Everything is installed locally, no NFS used. executables, configuration files, spool directories: all local to each compute host elimination of NFS requirement less convenient to install and upgrade

less convenient to debug

less convenient to change some configuration parameters (must modify files on every host)

loss of shadow master functionality; partial loss of  qacc -j capability.

Local Spool Directories

The spool directory for each execd is the greatest source of NFS traffic for Grid Engine. When jobs are dispatched to an exec host, the job script gets transferred via the qmaster and then written to the spool directory. Each job gets its own subdirectory, into which additional information is written by both the execd and the job shepherd process. Logfiles are also written into the spool directory, for both the execd as well as the individual jobs.
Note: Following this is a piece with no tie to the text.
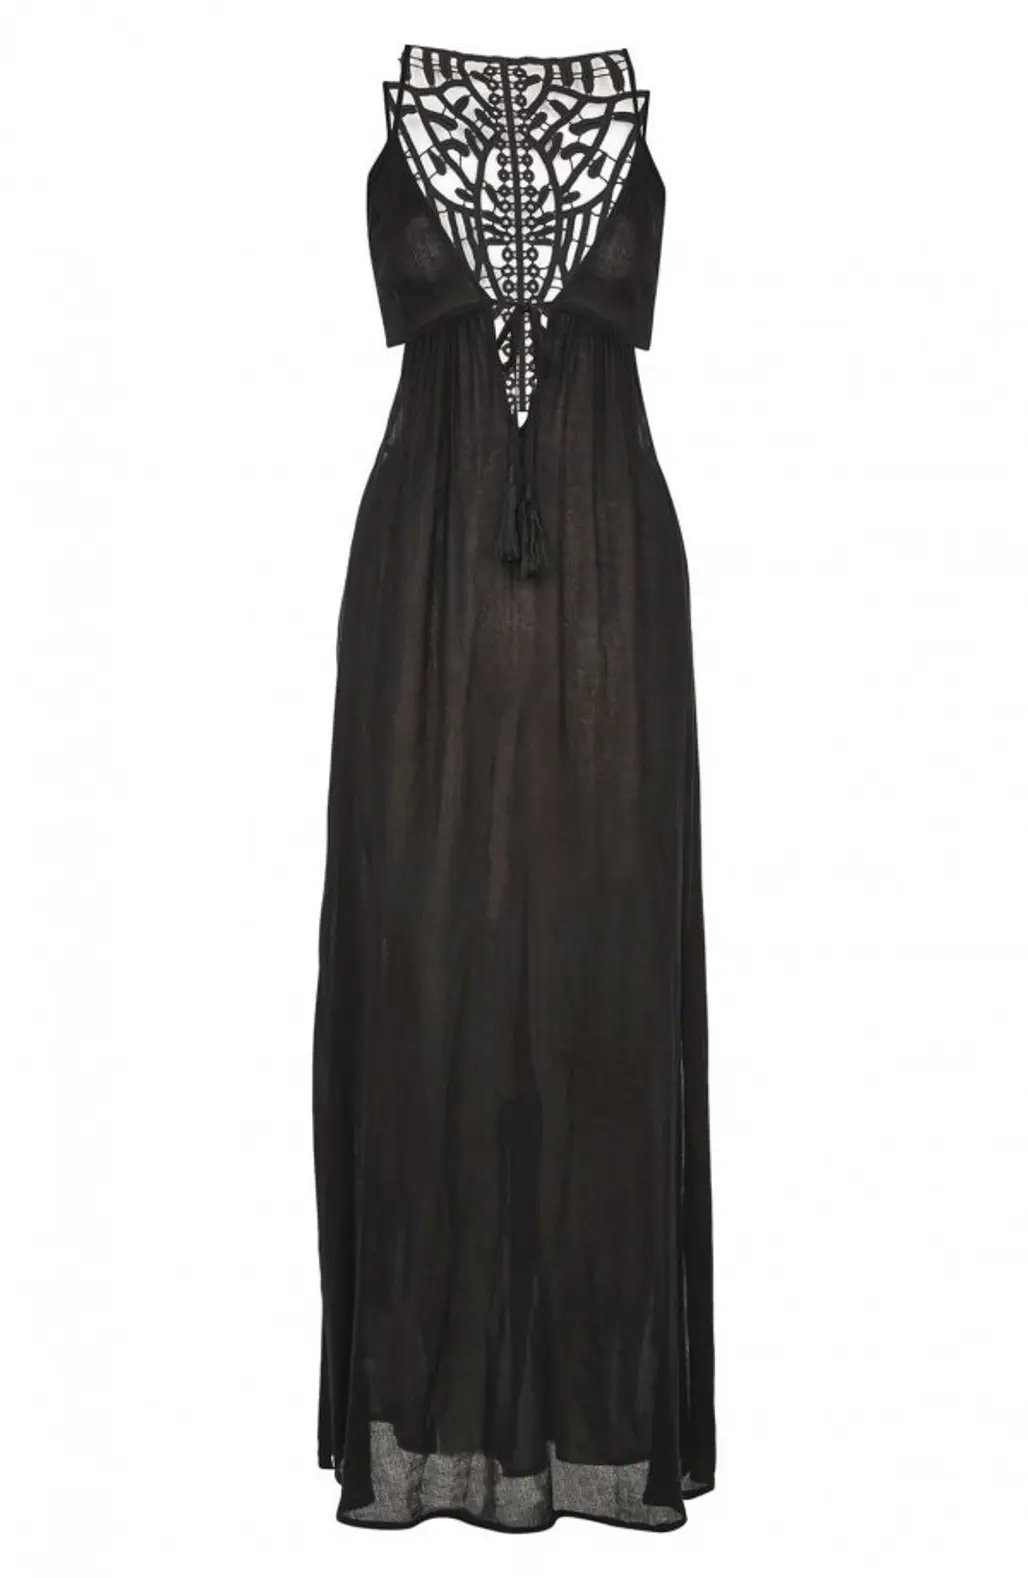 dress, clothing, day dress, black, gown,

By configuring local spool directories, all that traffic can be redirected to the local disk on each compute host, thus isolating it from the rest of the network as well as reducing the I/O latency. One disadvantage is that, in order to view the logfiles for a particular job, you need to log onto the system where the job ran, instead of simply looking in the shared directory. This would be necessary for debugging of a job problem - the messages file contains information that isn't in the qacct output which can be useful to users as well as administrators.

The path to the spool directory controlled by the parameter execd_spool_dir; it should be set to a directory on the local compute host which is owned by the admin user and which ideally can handle intensive reading/writing (e.g., /var/spool/sge). The execd_spool_dir parameter can be specified when running the install_qmaster script. However, this directory must already exist and be owned by the admin user, or else the script will complain and the execd will not function properly. The spool directory must also have root permission, or files written by the shepherd will be world-writable. Alternatively, the execd_spool_dir parameter can be changed in the cluster configuration (man sge_conf); the execds need to be halted before this change can be made. Please make you read sge_conf(5).

Local Executables

In the default setup, all hosts in a cluster read the binary files for daemons and commands off the shared directory. For daemons, this only occurs once, when they start up. When jobs run, other processes are invoked, such as the shepherd and the rshd (for interactive jobs). In a high-throughput cluster, or when invoking a massively-parallel job across many nodes, there is a possibility that many simultaneous NFS read accesses to these other executables could occur. To counter this, you could make all executables be local to the compute hosts.

In this configuration, rather than sharing $SGE_ROOT over NFS to the compute hosts, you would only share $SGE_ROOT/$SGE_CELL/common (you would also implement local spool directories as described above). On each compute host, you would need to install both the "common" and the architecture-specific binary packages. Then, you would mount the shared $SGE_ROOT/$SGE_CELL/common directory before invoking the install_execd script. In order to prevent confusion, make sure that the path to $SGE_ROOT is identical on the master host and compute hosts, e.g., SGE_ROOT=/opt/sge on all hosts.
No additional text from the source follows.